En l’espèce, le comité de Nouvelle-Aquitaine a été désigné par jugement avant dire droit du 2 septembre 2024. Il a disposé de l’ensemble des éléments du dossier, incluant le rapport circonstancié de l’employeur et les conclusions de ce dernier. Cette consultation contradictoire renforce la fiabilité de l’avis rendu. Le tribunal souligne que le comité a pris connaissance de tous les éléments pour rendre « un avis motivé et argumenté ».
Ce mécanisme de double expertise constitue une originalité du contentieux des maladies professionnelles hors tableau. Il traduit la reconnaissance par le législateur de la complexité des questions médicales en cause et de la nécessité d’un éclairage technique approfondi. Le juge judiciaire, dépourvu de compétence médicale, s’appuie sur ces avis pour trancher le litige. La procédure garantit ainsi un équilibre entre l’expertise scientifique et le contrôle juridictionnel.

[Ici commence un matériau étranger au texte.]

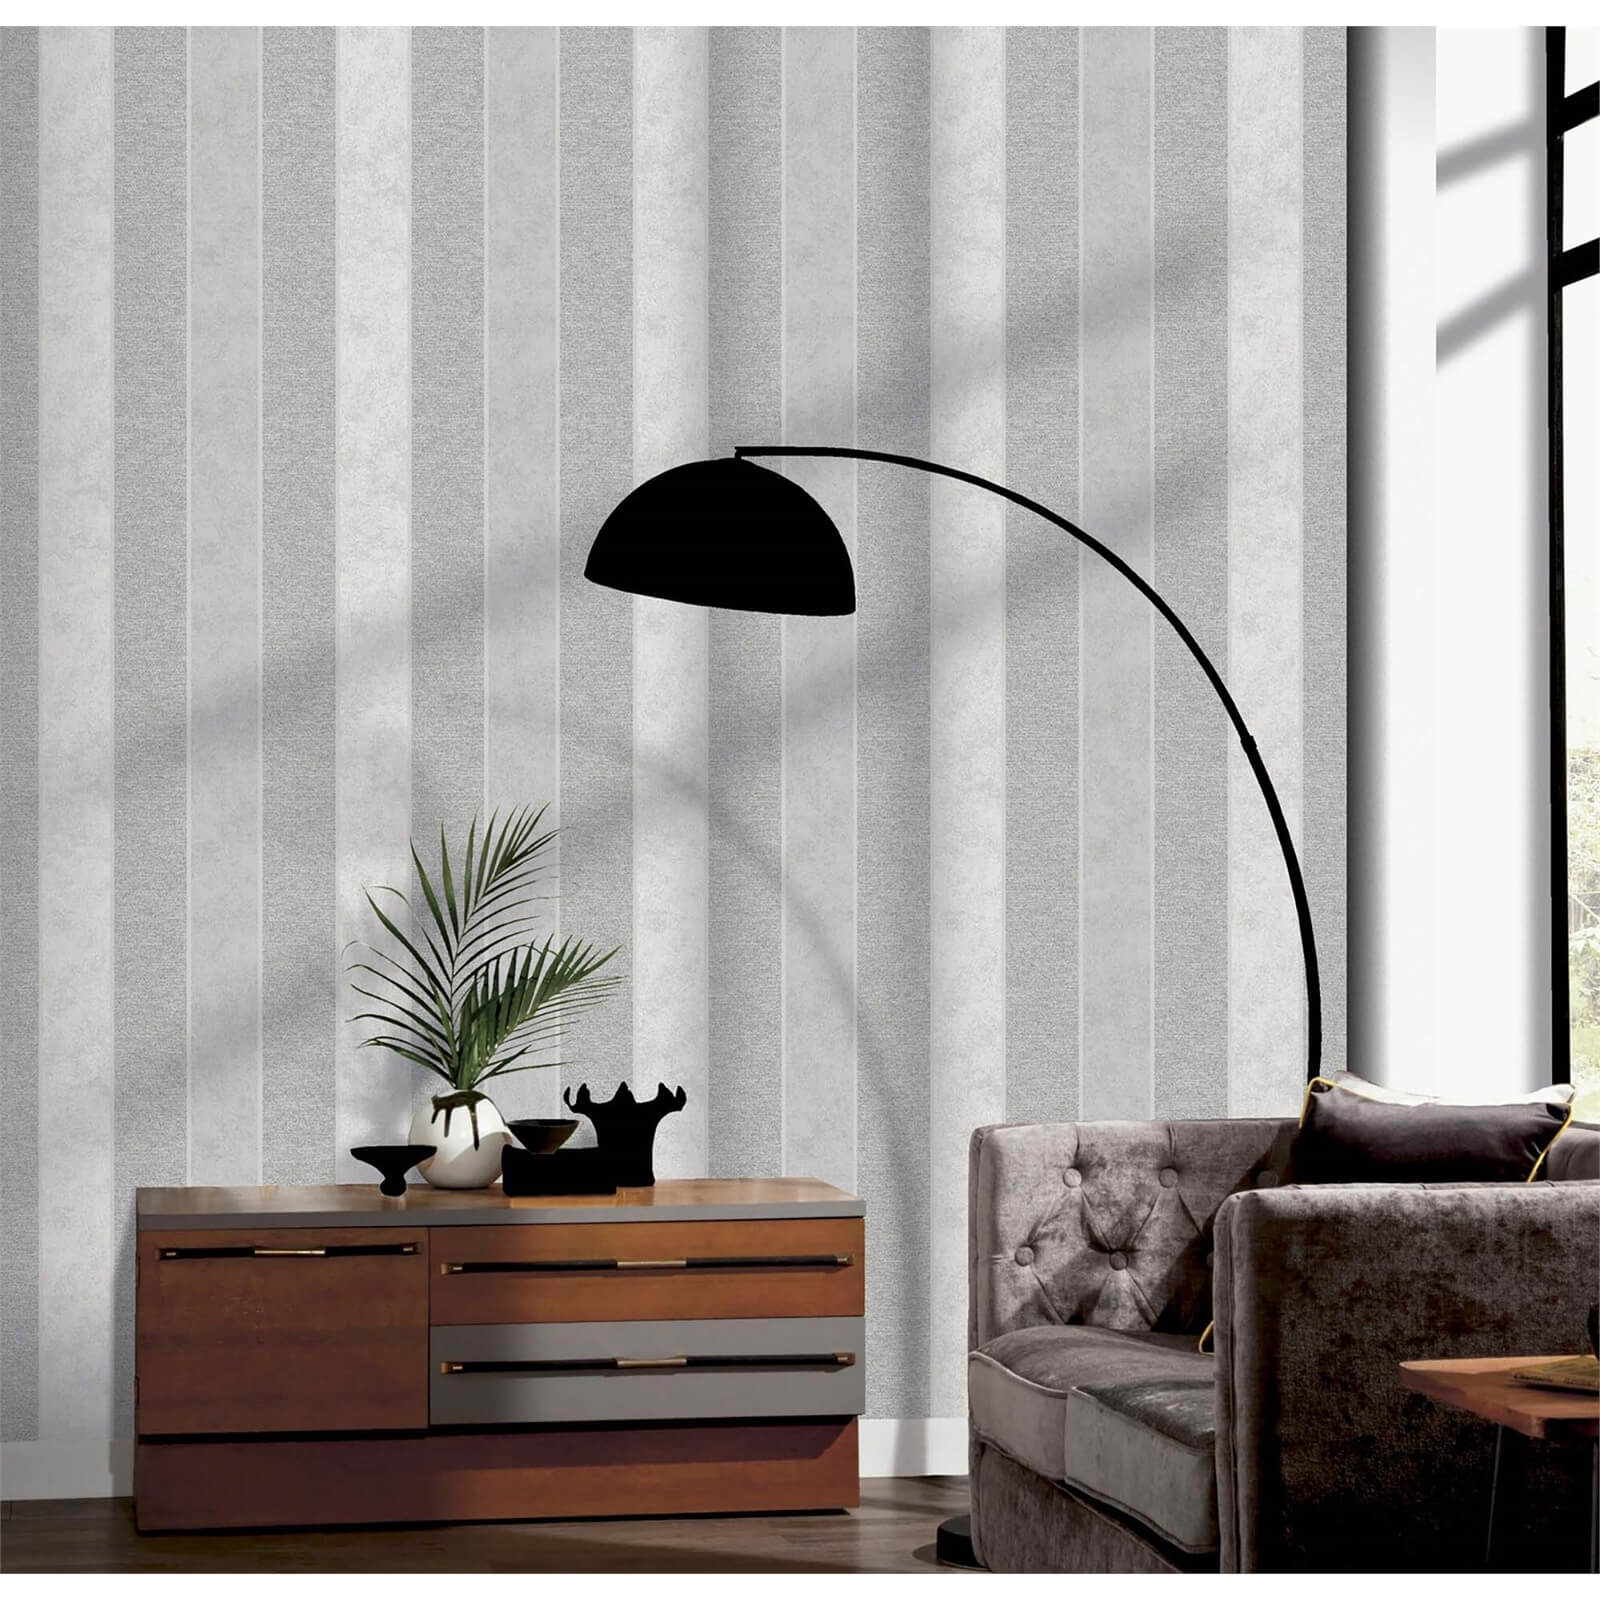 Arthouse Calico Stripe Grey Wallpaper

B. La force probante de la convergence des avis dans l’appréciation de l’opposabilité
Le tribunal observe que les deux comités régionaux consultés sont parvenus à la même conclusion favorable à la reconnaissance du caractère professionnel. Cette convergence constitue un élément déterminant dans l’appréciation portée par la juridiction. Le jugement relève que l’avis du second comité est « régulier et suffisamment motivé » en ce qu’il a retenu le lien direct et essentiel sur la base d’éléments précis et vérifiables.
L’employeur ne parvenait pas à renverser cette double analyse médicale par des éléments probants. Les arguments tirés de l’existence d’un accord sur la qualité de vie au travail ou de l’absence de signalement antérieur ne suffisaient pas à démontrer l’inexistence d’un risque psychosocial. Le tribunal écarte expressément ces moyens en relevant qu’ils « ne sauraient suffire à exclure le lien direct et essentiel ».
La décision illustre la portée de l’article L461-1 alinéa 5 du code de la sécurité sociale, selon lequel l’avis du comité s’impose à la caisse. Cette règle confère à l’expertise médicale une autorité particulière dans la chaîne décisionnelle. Lorsque deux comités distincts aboutissent au même constat, la marge de contestation de l’employeur se trouve considérablement réduite. Le contentieux de l’opposabilité suppose alors de démontrer une irrégularité procédurale ou une erreur manifeste, ce qui n’était pas établi en l’espèce. La décision rappelle ainsi que le débat sur le fond de la reconnaissance ne peut prospérer lorsque l’expertise médicale réglementaire a été correctement conduite.